### WHAT IS BEING ASKED
Beginning at the line that contains "Raploch Nursery Day Care of Children", reproduce the entries below exactly, ending with the line that contains "30cm 欧式维多利亚风格陶瓷娃娃厂家直销". Omit each picture.

### THE INPUT
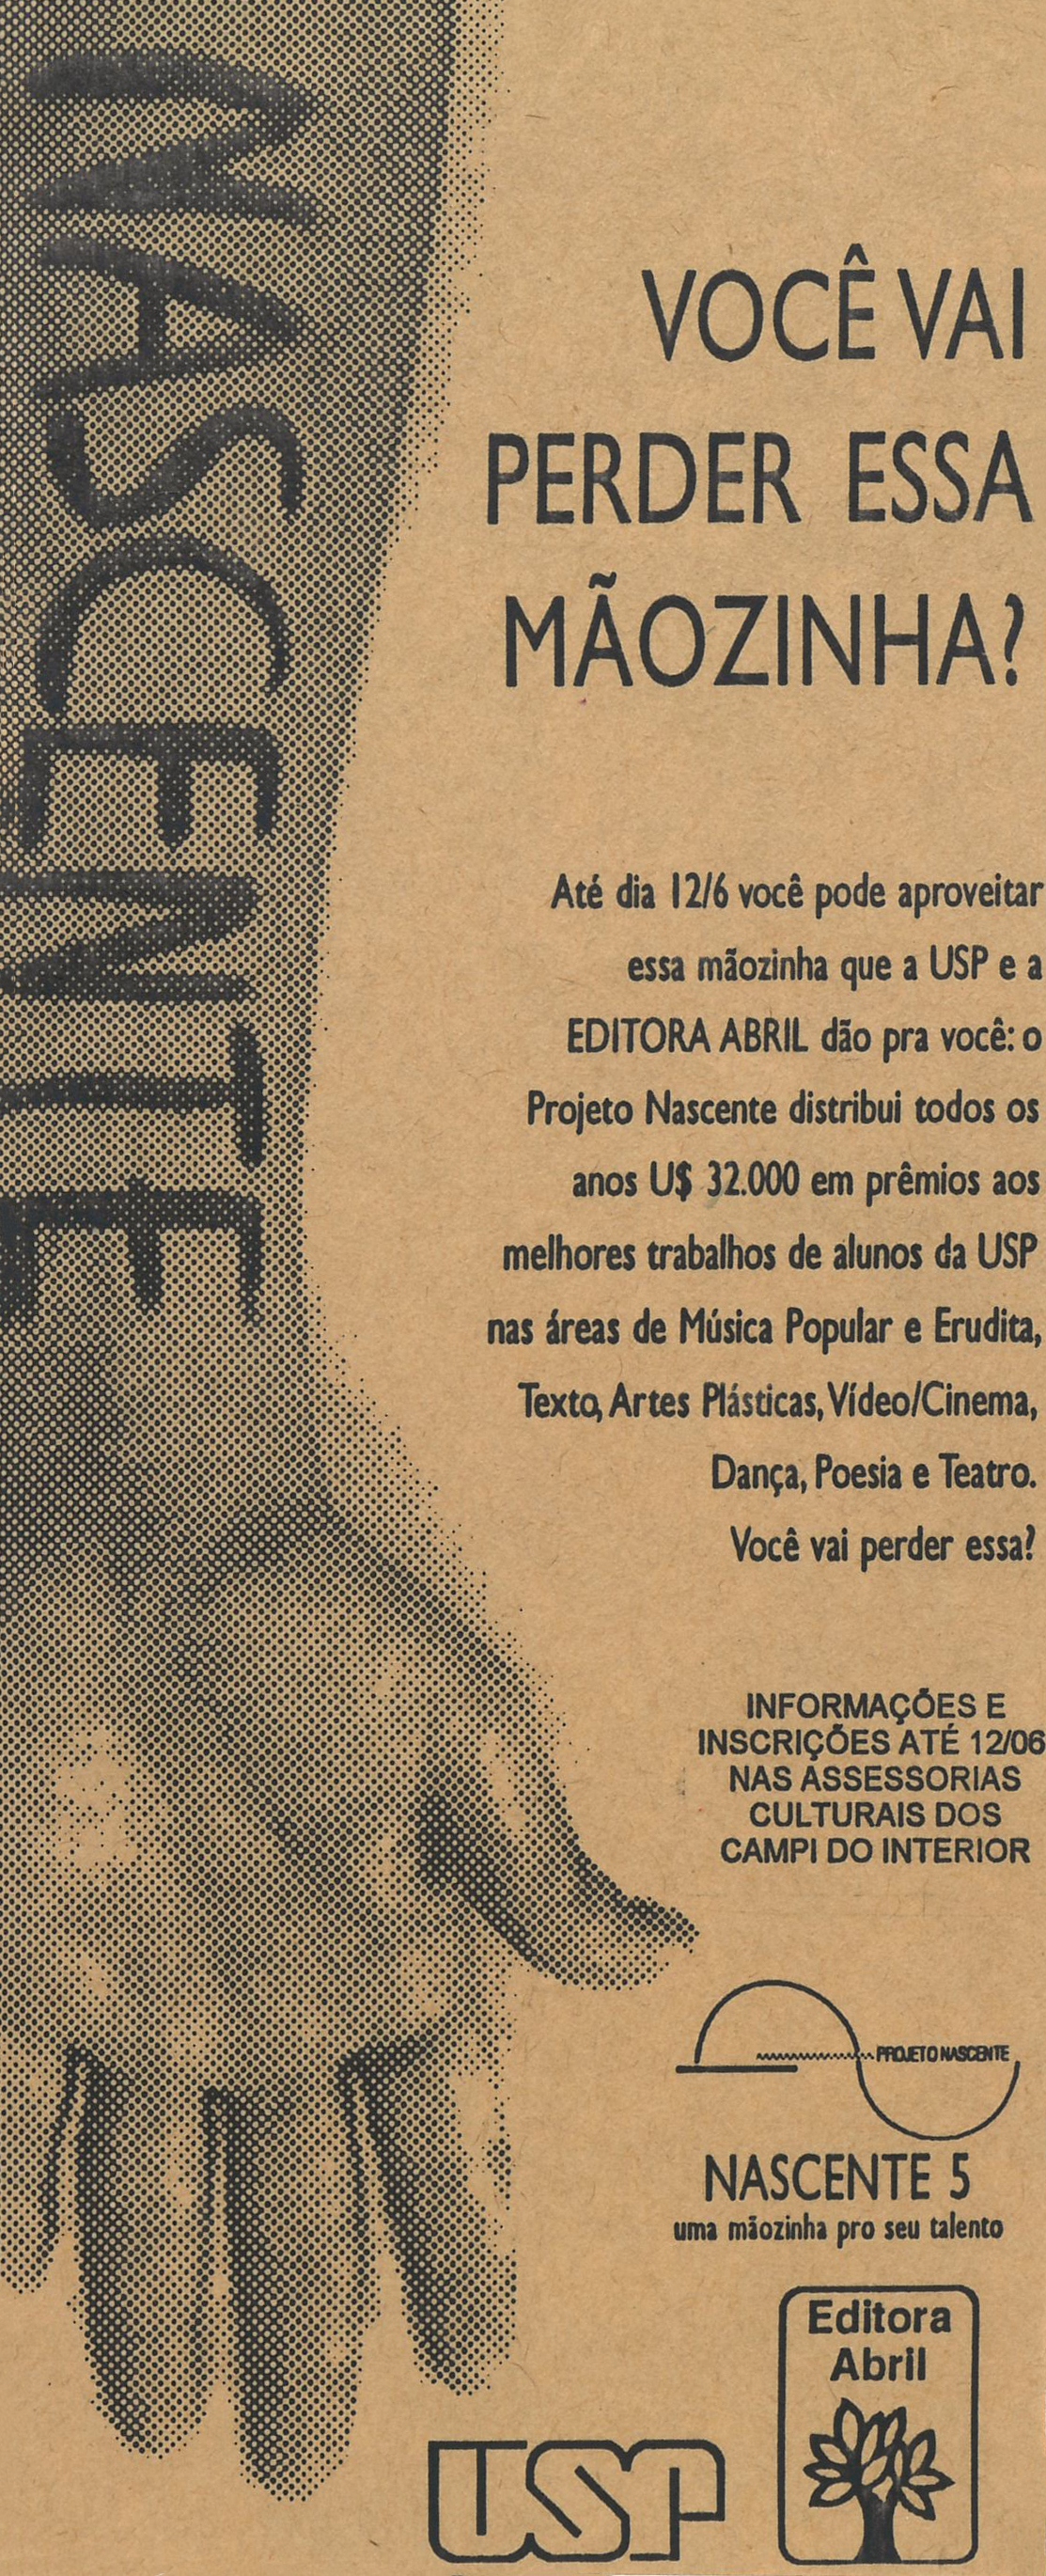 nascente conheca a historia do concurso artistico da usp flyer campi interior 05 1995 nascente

--

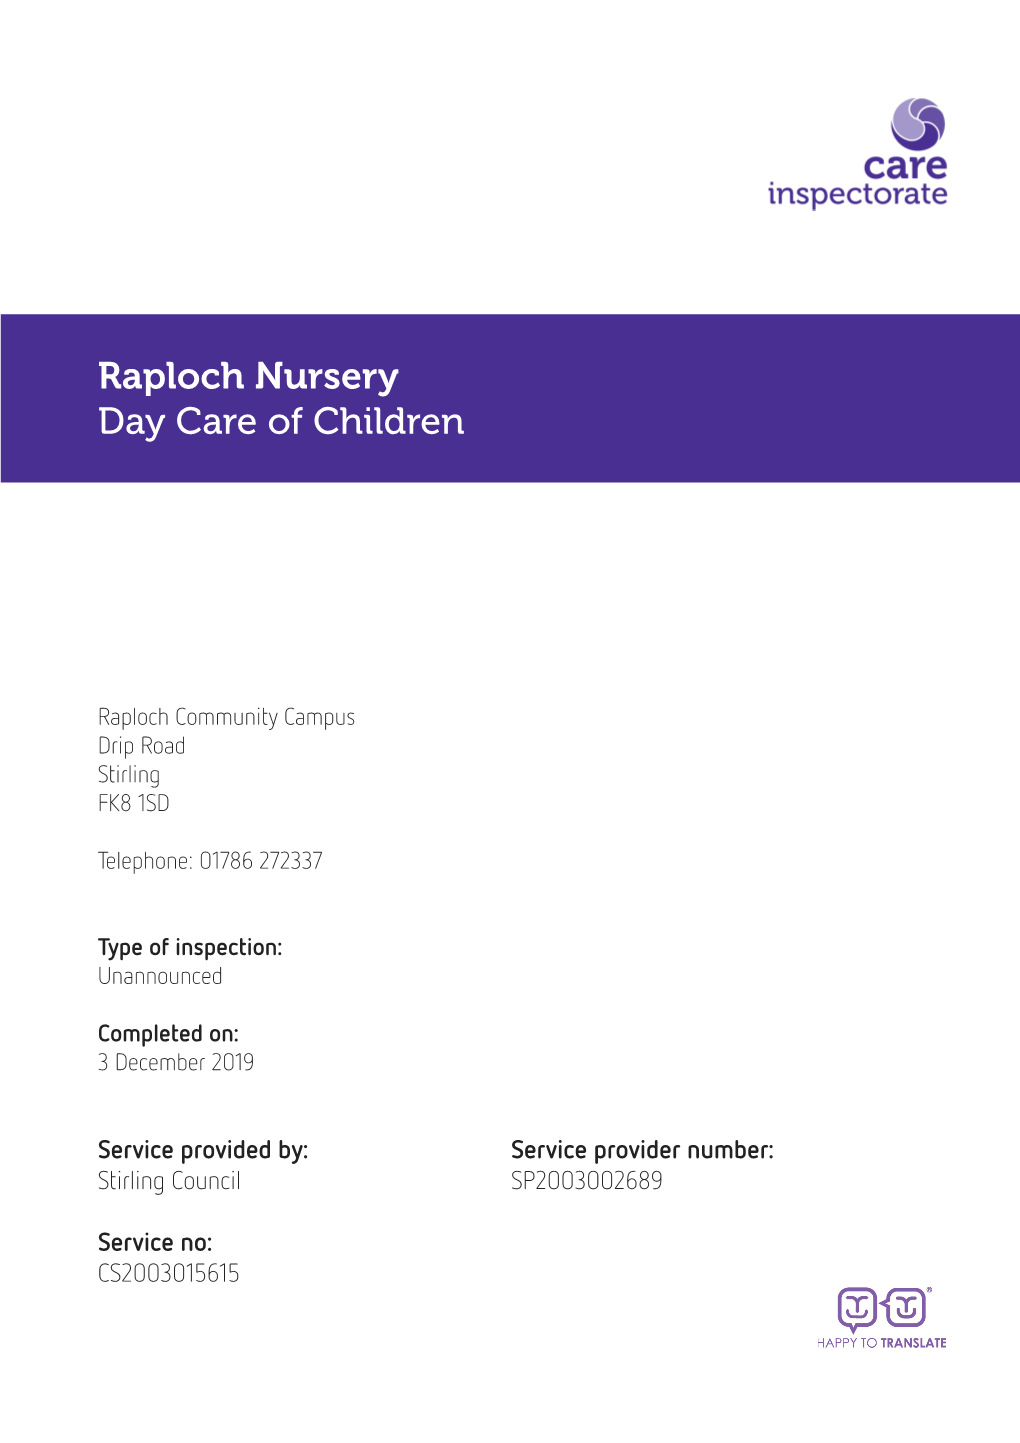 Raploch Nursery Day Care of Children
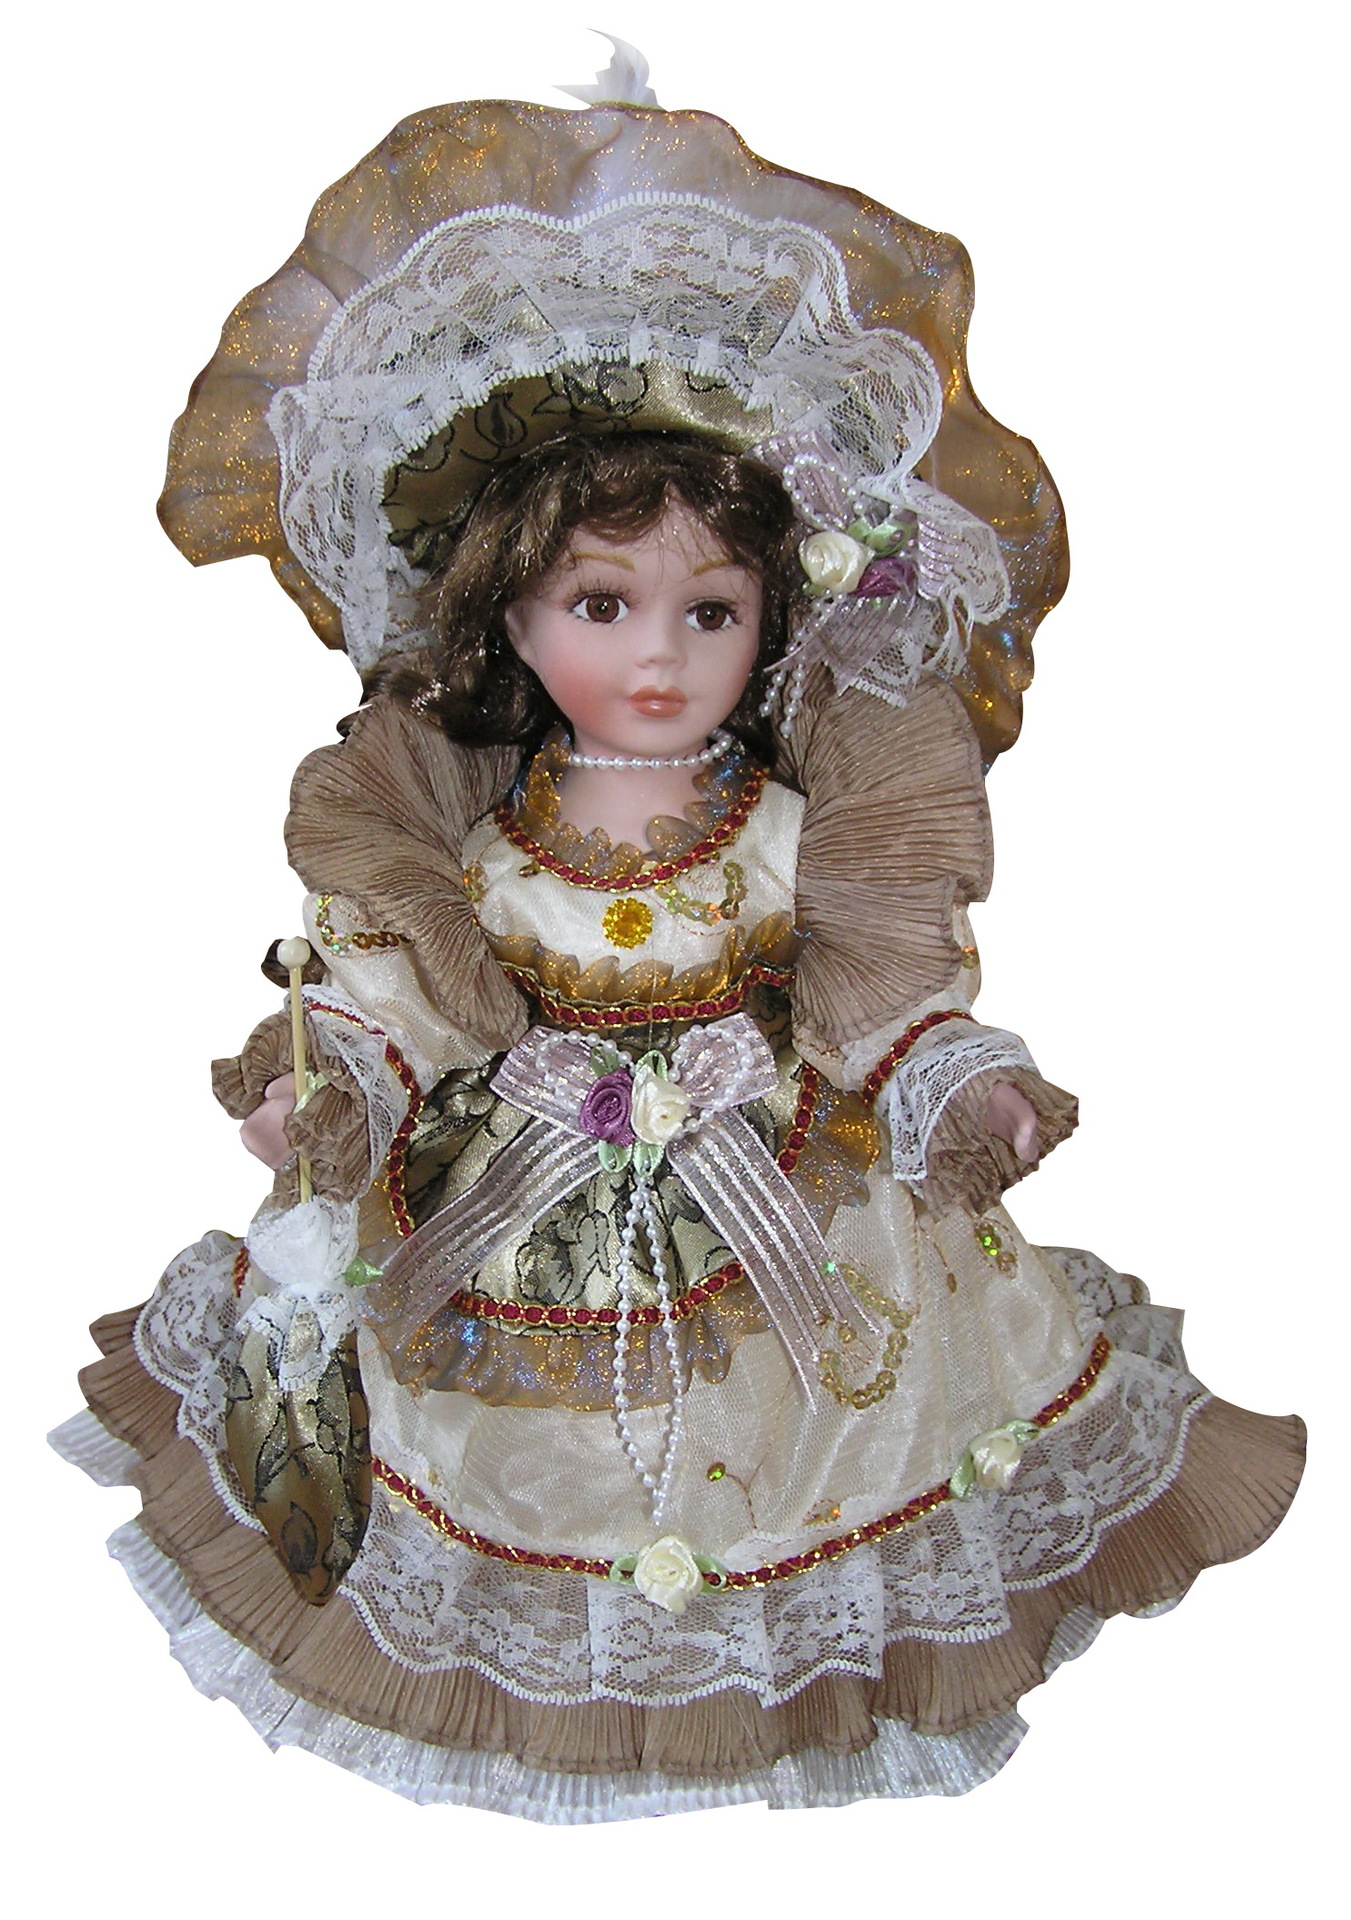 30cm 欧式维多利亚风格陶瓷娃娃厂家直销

### SOLUTION TO THIS EXERCISE
 Raploch Nursery Day Care of Children
 30cm 欧式维多利亚风格陶瓷娃娃厂家直销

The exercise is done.